Валера не успел ответить. Заворочался и проснулся Мэсел. Сел на нарах и, тупо уставясь на собеседников, спросил:
– Мы уже приехали?
– Ага. Сейчас разгружаться будем, – ответил Кравец и задал Валере ещё один вопрос: – Как же ты работаешь, ведь ворам вроде как работать не положено?
– Верно, западло. Но я же тебе сказал, что завязал. А на работку эту, прямо скажем, непыльную, меня отец Максим пристроил. Он ведь теперь духовник мой.
– Да. Работа у тебя – и впрямь позавидуешь. Опасная только.
– Бог милует пока.
– А выпить у нас есть? – снова подал голос Мэсел. – В горле пересохло…
– Хватит пить, Лёнька! Скоро Сызрань, – попытался приструнить его Кравец.
Но Мэсел настаивал:
– Выпить хочу! Валера, налей…
Валера потянулся к бутылке. Она оказалась пустой. И все остальные тоже.
– Извиняй, служивый. Кончились «патроны».
– Так принеси ещё, – скорчил капризную мину Мэсел. – У тебя же целый вагон…
Валера отрезал:
– Всё, халява закончилась. У меня на «бой» только два процента списывают, а за остальную недостачу мы с Анаром свои кровные выкладываем. Так что хочешь пить, приятель, плати.
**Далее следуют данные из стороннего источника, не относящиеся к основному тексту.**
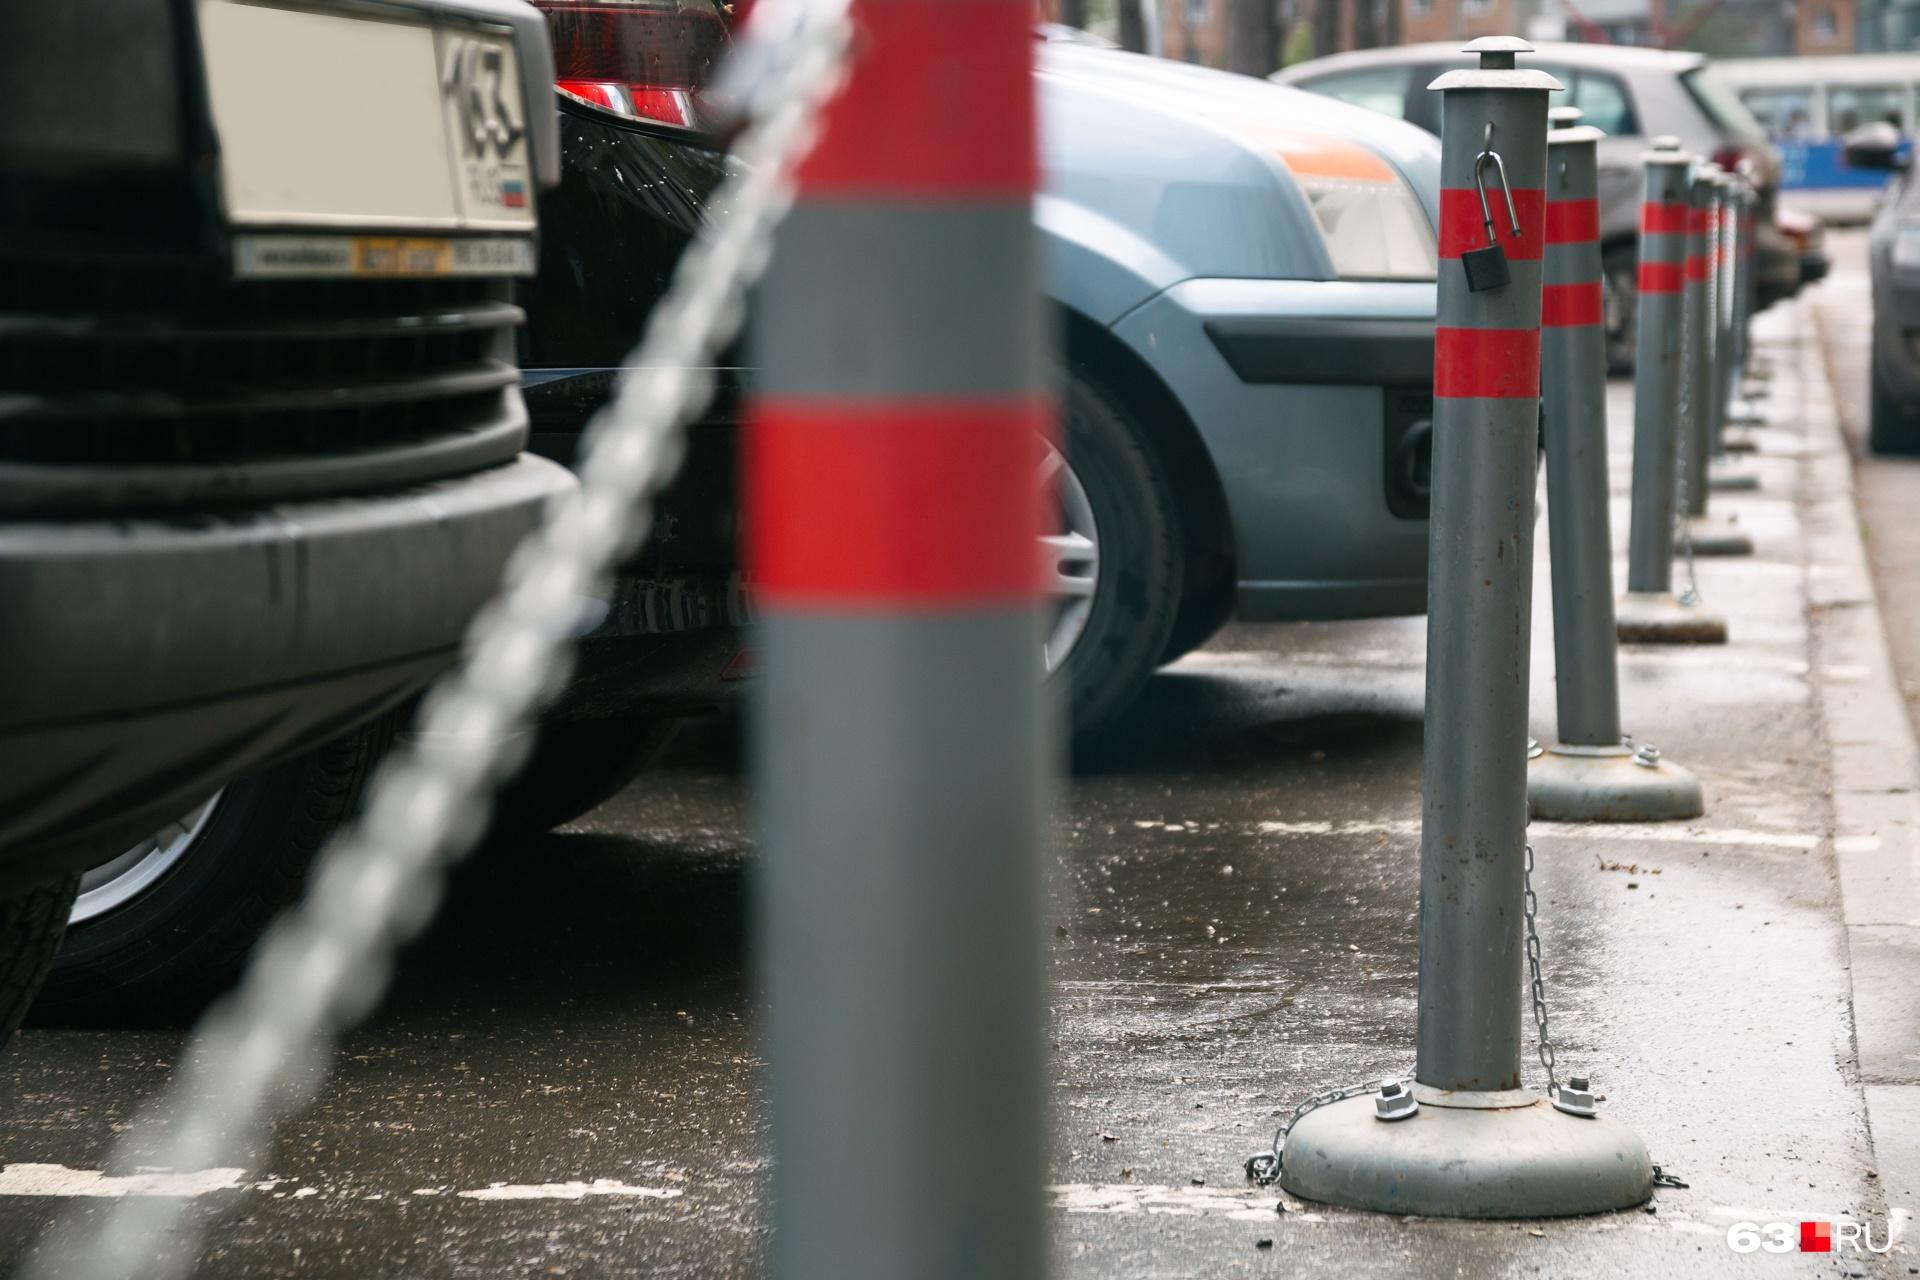 Чиновники хотят заработать на платных парковках по82 953 000 рублей в год

– А я и заплачу, – захорохорился Мэсел. Он пошарил по карманам, наскрёб несколько смятых рублей и спросил: – Хватит?
– Смотря на что.
– Хочу купить ящик портвейна, – важно произнёс Мэсел, невзирая на протестующие жесты Кравца.
Валера расхохотался:
– Хэ-хэ! Ты совсем ориентиры потерял! Тут от силы на два пузыря. – Потом добавил уже без смеха: – Лады, служивые. Вижу, что с «бабками» у вас туго. Предлагаю натуральный обмен. Ящик вина на ящик тушенки. А то мы без жратвы остались с напарником. Ну, как?
– Нет. Мы на это не пойдём, – запротестовал Кравец.
– Чего это ты за всех выступаешь? – возмутился Мэсел. – Я, например, от своей доли тушёнки отказываюсь. Я портвейна хочу!